AI study workflow
How to make flashcards with AI that actually stick until exam day

AI turned a four-hour job into a four-minute one. Paste your notes, ask for flashcards, and a hundred cards appear before your coffee is cold. Then exam week arrives and you remember almost none of them.
Here is the catch nobody mentions: AI is brilliant at making flashcards fast, and terrible at making flashcards that stick. The speed is real. The retention is not, unless you direct the tool properly. This guide is the part that turns a generated deck into one you will still recall on the ward, in the viva, or in the written paper.
1. Why most AI flashcards quietly fail
When you drop a chapter into ChatGPT or Claude and ask for cards, it does what language models do best: it summarises. It packages your notes into tidy question and answer pairs that look great on screen. But looking great and being memorable are different things.
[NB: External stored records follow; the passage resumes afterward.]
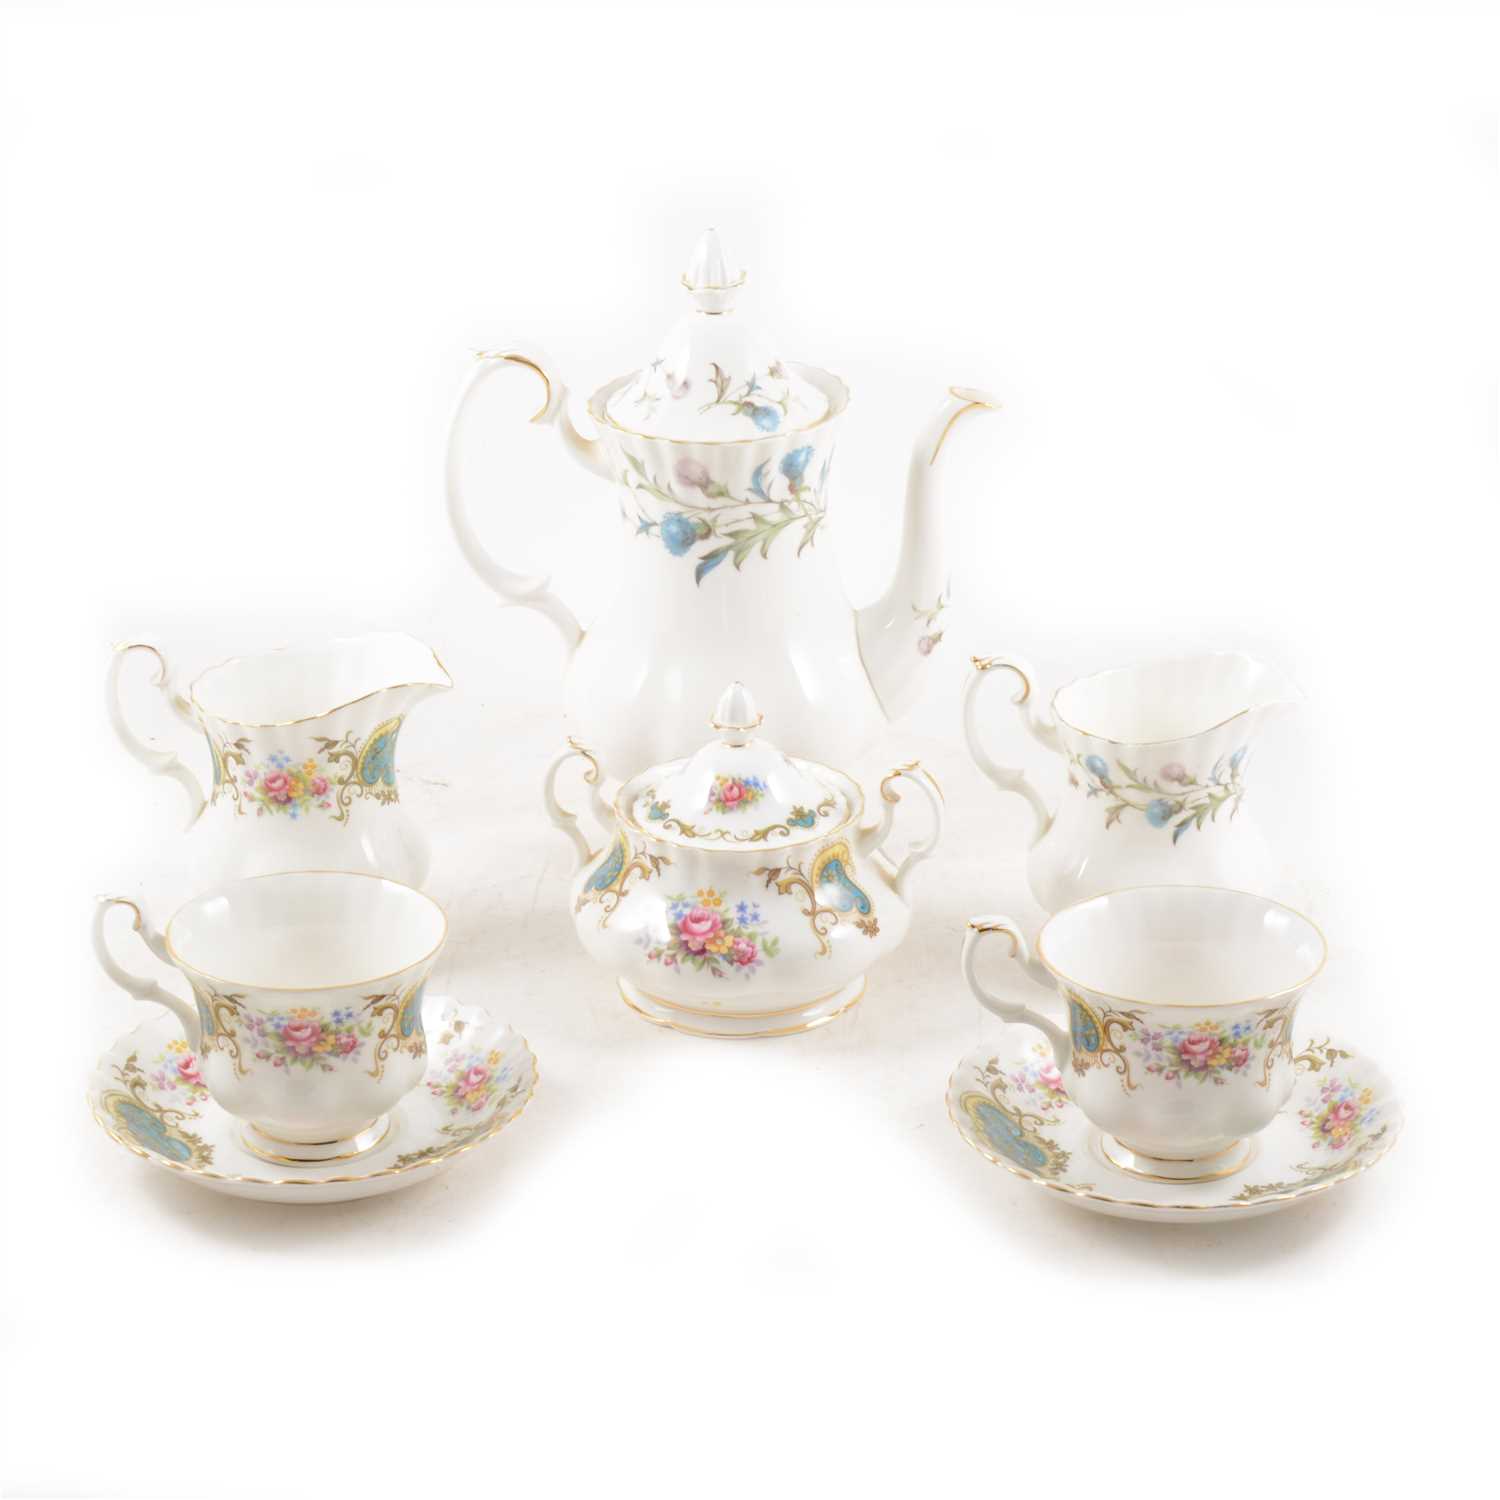 Lot 61 - Royal Albert teaware, Brigadoon and Berkeley patterns
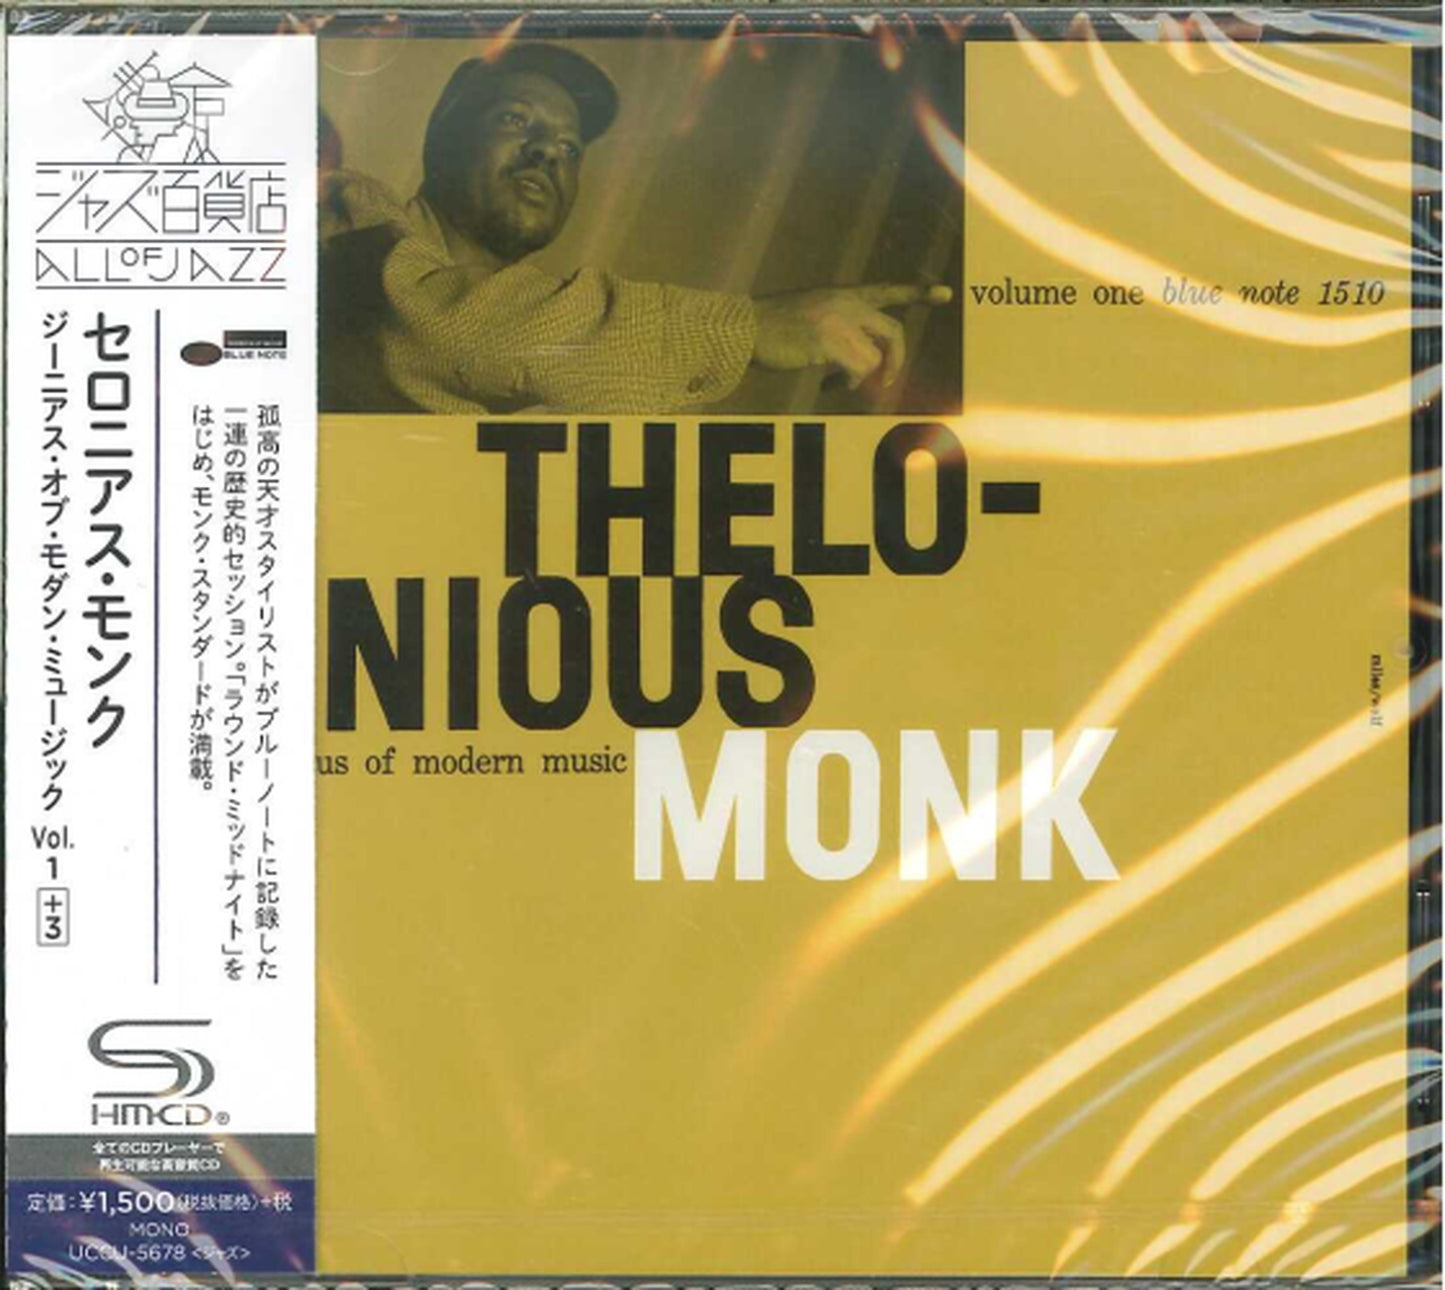 Thelonious Monk - Genius Of Modern Music Vol. 1 - Japan  SHM-CD
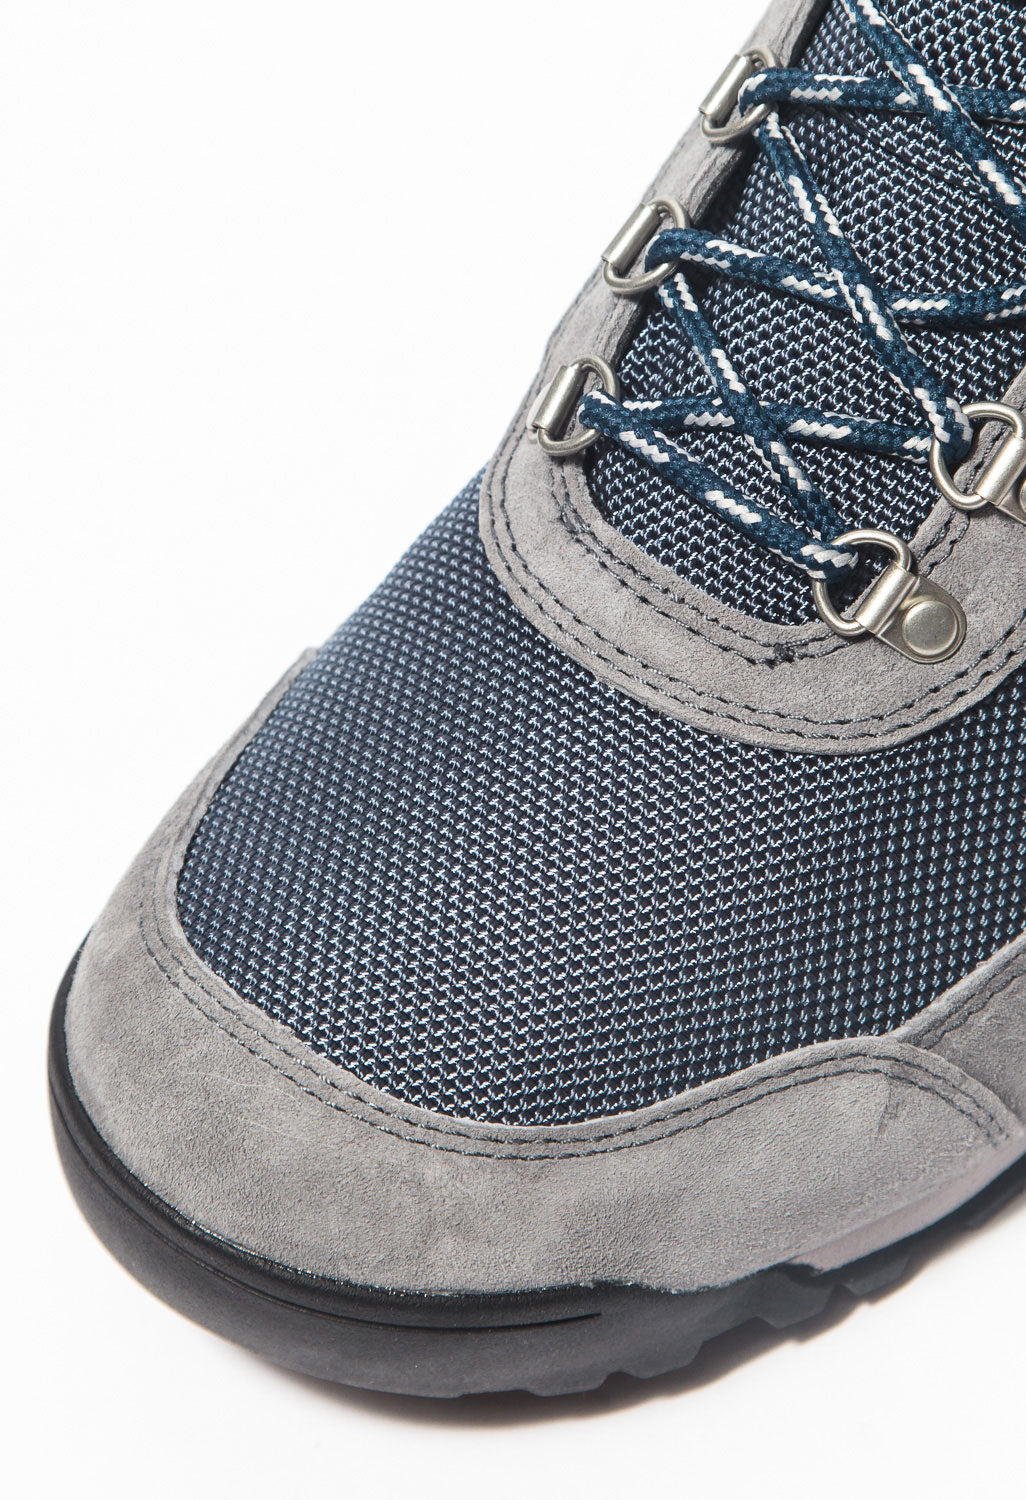 Danner Jag Women's Boots - Steel Grey / Blue Wing

The same failures show up again and again:
The usual failures
- One card asking three things at once
- Answers you recognise but cannot actually retrieve
- Phrasing copied word for word from your notes
- Cards with no topic, so you forget what they belong to
- Two hundred cards dumped in with no curation
What a good card does
- Tests exactly one fact or idea
- Forces you to recall, not just nod along
- Is reworded, so you learn the concept not the sentence
- Carries its topic in brackets for instant context
- Survives a ruthless edit before it ever gets imported
The fix is not to abandon AI. It is to stop letting it improvise.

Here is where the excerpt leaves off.